Oh, this journey is my own


This song has been constantly running through my head the past week.

I know I have not been around as much as I was. Not posting everyday. There will be a time where I will get back into that routine. The past couple of weeks have been some of those "monumental" life moments kind of weeks. I feel like life NEVER slows down. Some people prefer it that way...not me. Trying to find the balance to work, social, personal life has proven to be difficult for me lately. Not to mention my divorce being filed a few days ago, trying to sort through things, friends visiting (which I have loved), Upward Season Coming to a close, and on top of it being diagnosed with a sinus infection today which has me feeling wiped out.
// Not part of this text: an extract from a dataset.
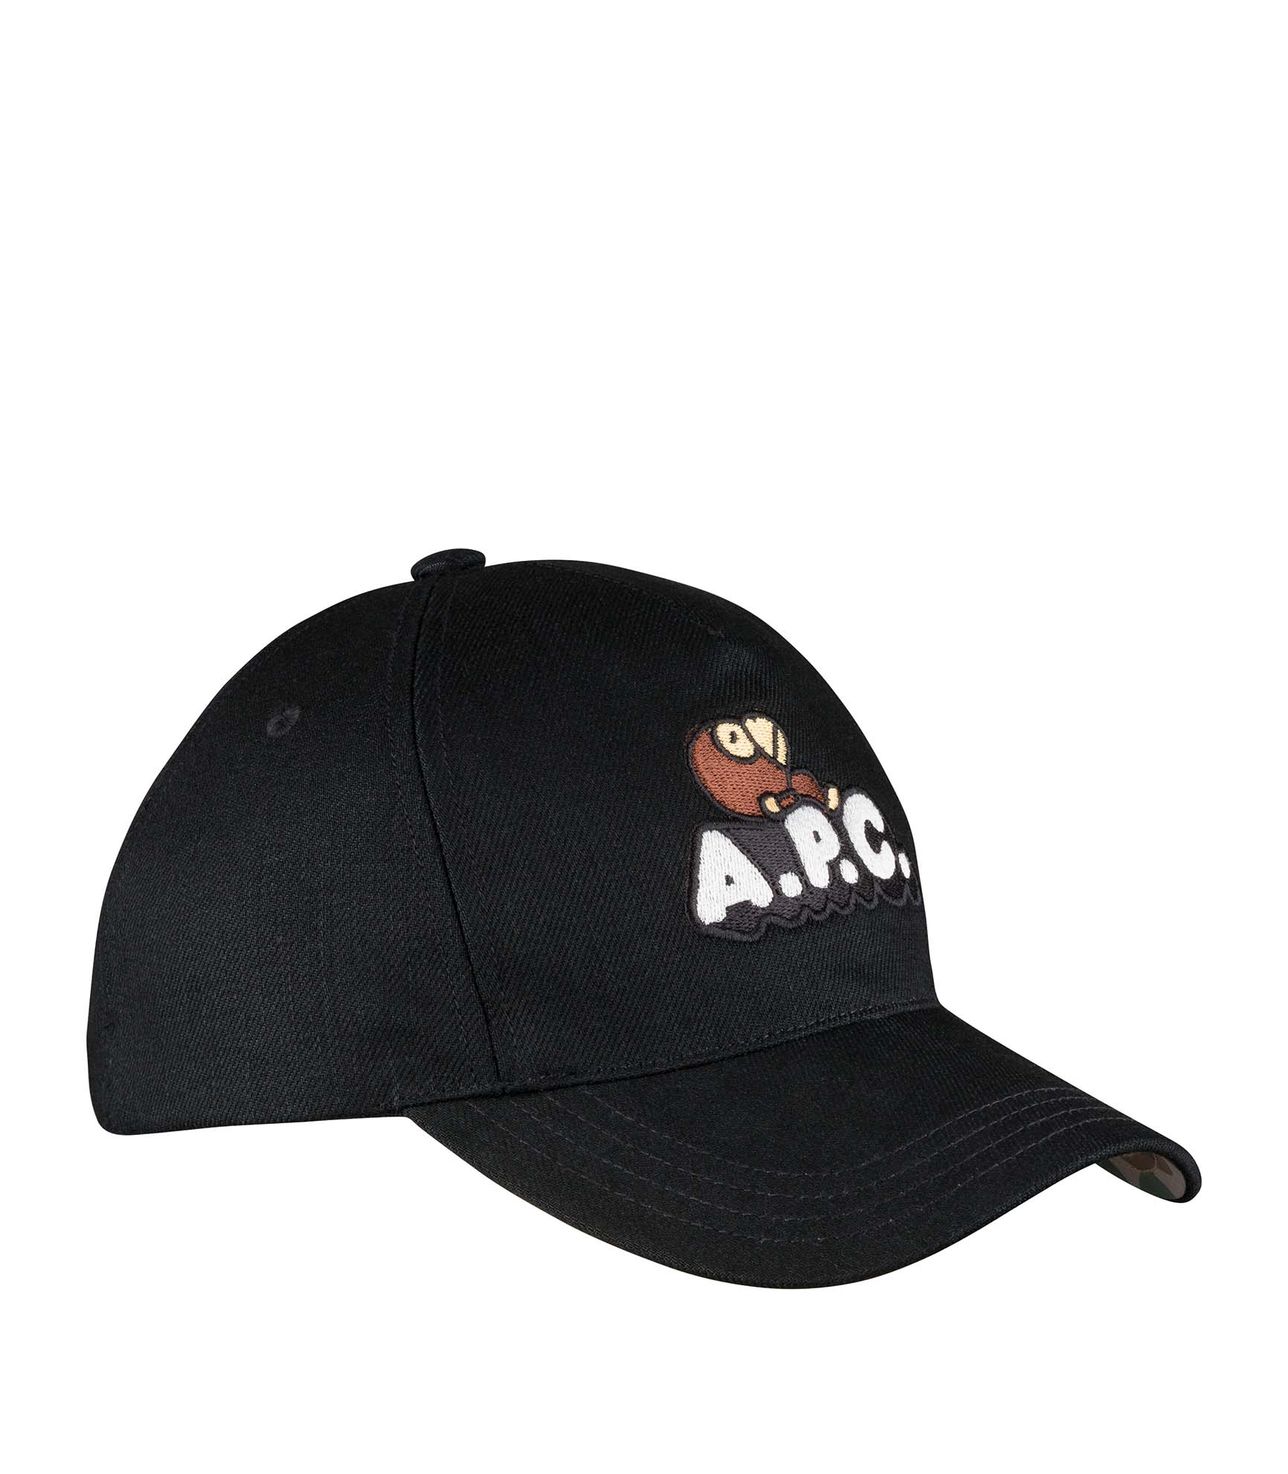 Moe baseball cap BLACK APC

So many of you have emailed me and told me what the blogs have meant to you to have on a daily basis. I hope to be able to provide that again. In the meantime...thank you for encouraging me on the hard days when its easier to give up. Reading about so many of you losing weight and hitting the gym on a consistent basis, does challenge me.

So...I pose this question because I need it right now...
What are your favorite stress relievers? Any suggestions on how to relax in the midst of craziness?

Love you all. Keep truckin, and I'll be running back along side of you shortly.